*Instructions for the task:*
Taking the listing below, restate word for word each line from the line with "2016 Model S 70D full" to the line with "Stash Duffle Bag", ends included, and stop there.

◇ ◇ ◇ ◇ ◇

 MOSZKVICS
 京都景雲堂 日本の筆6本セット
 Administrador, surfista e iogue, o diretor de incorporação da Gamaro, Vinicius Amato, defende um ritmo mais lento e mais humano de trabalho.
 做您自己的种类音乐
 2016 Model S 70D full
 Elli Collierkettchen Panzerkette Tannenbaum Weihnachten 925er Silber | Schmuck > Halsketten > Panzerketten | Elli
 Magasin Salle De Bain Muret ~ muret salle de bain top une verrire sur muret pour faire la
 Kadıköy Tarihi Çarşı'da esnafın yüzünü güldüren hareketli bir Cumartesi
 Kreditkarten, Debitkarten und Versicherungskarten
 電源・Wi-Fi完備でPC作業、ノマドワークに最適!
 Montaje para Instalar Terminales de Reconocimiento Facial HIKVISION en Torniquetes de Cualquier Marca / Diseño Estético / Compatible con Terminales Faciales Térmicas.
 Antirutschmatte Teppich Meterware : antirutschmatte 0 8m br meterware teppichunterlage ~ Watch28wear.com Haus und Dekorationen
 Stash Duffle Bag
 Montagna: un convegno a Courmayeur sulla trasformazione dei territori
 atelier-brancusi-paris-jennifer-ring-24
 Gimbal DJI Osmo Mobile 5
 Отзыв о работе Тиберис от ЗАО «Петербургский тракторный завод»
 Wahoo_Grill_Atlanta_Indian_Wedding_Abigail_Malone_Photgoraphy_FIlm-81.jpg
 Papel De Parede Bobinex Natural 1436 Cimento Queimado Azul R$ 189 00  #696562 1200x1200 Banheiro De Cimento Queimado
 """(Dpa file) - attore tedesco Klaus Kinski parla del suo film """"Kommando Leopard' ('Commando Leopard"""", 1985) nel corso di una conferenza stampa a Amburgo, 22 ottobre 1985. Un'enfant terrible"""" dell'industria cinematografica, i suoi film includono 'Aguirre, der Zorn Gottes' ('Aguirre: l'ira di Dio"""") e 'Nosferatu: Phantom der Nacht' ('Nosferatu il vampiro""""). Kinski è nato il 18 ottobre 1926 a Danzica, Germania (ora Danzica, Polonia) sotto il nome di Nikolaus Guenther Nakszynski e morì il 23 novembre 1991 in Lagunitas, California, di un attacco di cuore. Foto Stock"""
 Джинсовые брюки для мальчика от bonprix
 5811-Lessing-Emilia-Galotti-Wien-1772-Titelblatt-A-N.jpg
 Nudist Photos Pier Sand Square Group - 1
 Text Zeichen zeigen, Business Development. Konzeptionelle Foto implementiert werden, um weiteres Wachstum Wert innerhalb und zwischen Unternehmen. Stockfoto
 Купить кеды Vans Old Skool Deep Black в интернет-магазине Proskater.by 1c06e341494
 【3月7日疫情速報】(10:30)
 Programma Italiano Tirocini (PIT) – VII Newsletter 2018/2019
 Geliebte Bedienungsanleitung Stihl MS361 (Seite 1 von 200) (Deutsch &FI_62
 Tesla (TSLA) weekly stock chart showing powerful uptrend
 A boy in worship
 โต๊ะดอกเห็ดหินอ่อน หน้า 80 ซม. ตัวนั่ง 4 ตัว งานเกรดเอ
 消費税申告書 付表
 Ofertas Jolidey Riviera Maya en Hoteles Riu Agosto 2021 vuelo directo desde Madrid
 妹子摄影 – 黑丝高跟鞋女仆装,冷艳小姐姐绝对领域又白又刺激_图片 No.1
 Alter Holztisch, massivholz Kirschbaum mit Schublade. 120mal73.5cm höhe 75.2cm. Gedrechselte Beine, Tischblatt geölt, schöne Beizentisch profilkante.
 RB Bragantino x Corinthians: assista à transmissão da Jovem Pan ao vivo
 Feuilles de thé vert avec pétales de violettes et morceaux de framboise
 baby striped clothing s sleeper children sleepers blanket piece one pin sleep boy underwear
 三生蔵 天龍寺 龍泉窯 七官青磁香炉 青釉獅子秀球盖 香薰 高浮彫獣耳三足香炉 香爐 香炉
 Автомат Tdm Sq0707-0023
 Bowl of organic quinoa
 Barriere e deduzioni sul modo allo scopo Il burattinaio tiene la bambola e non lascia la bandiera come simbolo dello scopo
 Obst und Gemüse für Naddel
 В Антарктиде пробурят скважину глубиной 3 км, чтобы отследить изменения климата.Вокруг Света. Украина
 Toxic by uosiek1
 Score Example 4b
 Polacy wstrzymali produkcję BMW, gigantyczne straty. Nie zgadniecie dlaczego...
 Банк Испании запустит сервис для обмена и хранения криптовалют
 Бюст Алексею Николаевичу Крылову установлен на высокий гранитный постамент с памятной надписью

◇ ◇ ◇ ◇ ◇

*Final answer:*
 2016 Model S 70D full
 Elli Collierkettchen Panzerkette Tannenbaum Weihnachten 925er Silber | Schmuck > Halsketten > Panzerketten | Elli
 Magasin Salle De Bain Muret ~ muret salle de bain top une verrire sur muret pour faire la
 Kadıköy Tarihi Çarşı'da esnafın yüzünü güldüren hareketli bir Cumartesi
 Kreditkarten, Debitkarten und Versicherungskarten
 電源・Wi-Fi完備でPC作業、ノマドワークに最適!
 Montaje para Instalar Terminales de Reconocimiento Facial HIKVISION en Torniquetes de Cualquier Marca / Diseño Estético / Compatible con Terminales Faciales Térmicas.
 Antirutschmatte Teppich Meterware : antirutschmatte 0 8m br meterware teppichunterlage ~ Watch28wear.com Haus und Dekorationen
 Stash Duffle Bag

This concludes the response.